The markov_speaking.py is written in Python 3.6, using jieba, codecs, random and re. You need to install jieba by pip2 install jieba.

Usage

  • The markov_speaking.py provides a class Markov, the init of Markov is __init__(self, filepath = None, mode = 0, coding="utf8"). filepath is the file you want to parse, and the sentences the class build will base on this file. mode is 0 if you want to parse English, and 1 if Chinese. coding assigns the codec, default is UTF-8.
  • Let p be a instance of Markov, you can use p.train(self, filepath = '', mode = 0, coding="utf8") to regenerate the instance.
  • After you have built p and trained, you can use p.say(length) to generate a random sentence.
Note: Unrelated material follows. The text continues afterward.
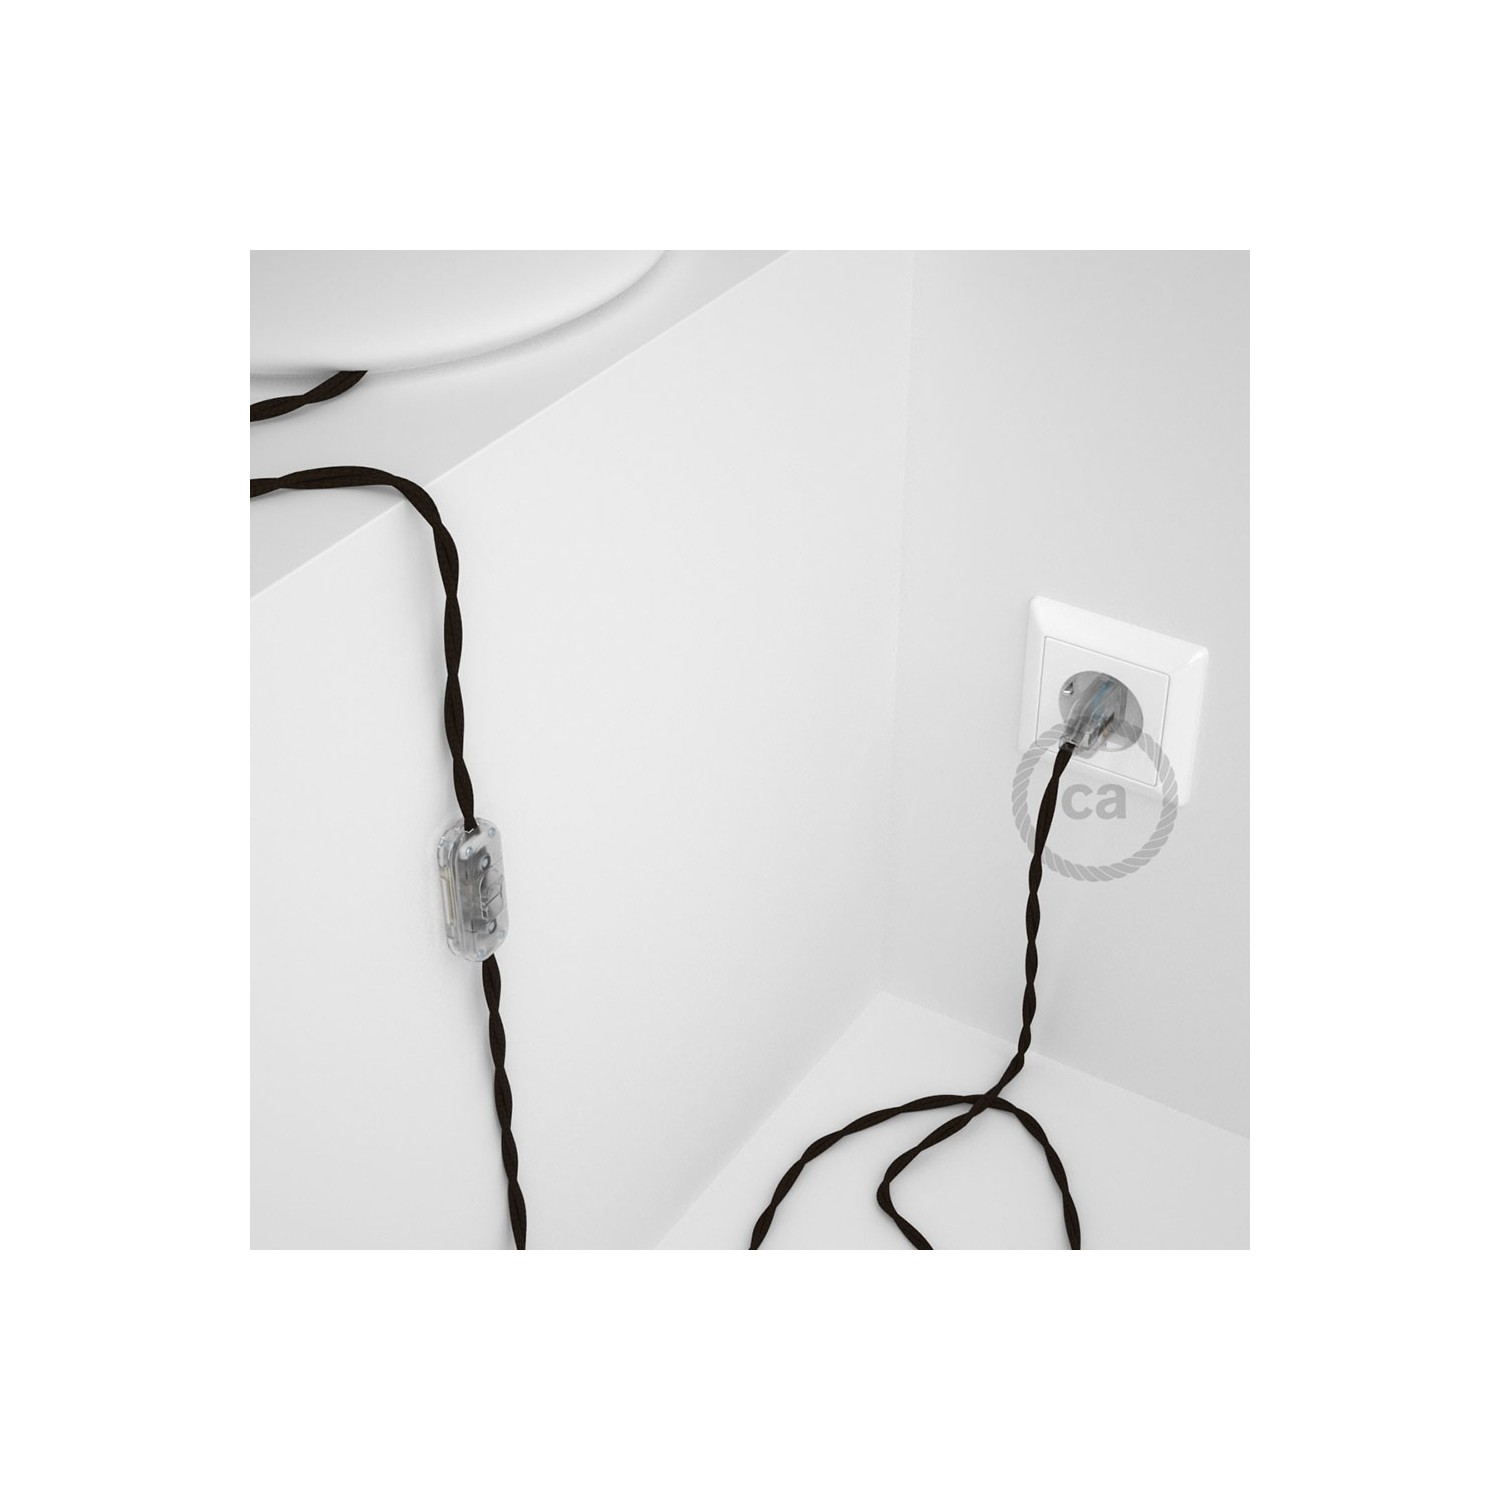 Cordon pour lampe, câble TM13 Effet Soie Marron 1,80 m. Choisissez la couleur de la fiche et de l'interrupteur!

The length is the max length of sentence to generate, default is 10.

Examples For Use

with all the material included

>>> import markov_speaking
>>> p = markov_speaking.Markov('swords.txt', 1)
Building prefix dict from the default dictionary ...
Loading model from cache /home/forec/cache
Dumping model to file cache /home/forec/cache
Loading model cost 1.578 seconds.
Prefix dict has been built succesfully.
>>> p.say(5)
忽然想到一计说道师伯令狐师兄行侠仗义

Update-logs

  • 2019-5-12: change it to py3
  • 2016-10-10: Add project and build repository.
  • 2016-10-11: Fix problems in English part: Not split words by sentences.
  • 2016-10-12: Fix train function.
  • 2016-10-13: Remove useless chinese upper condition.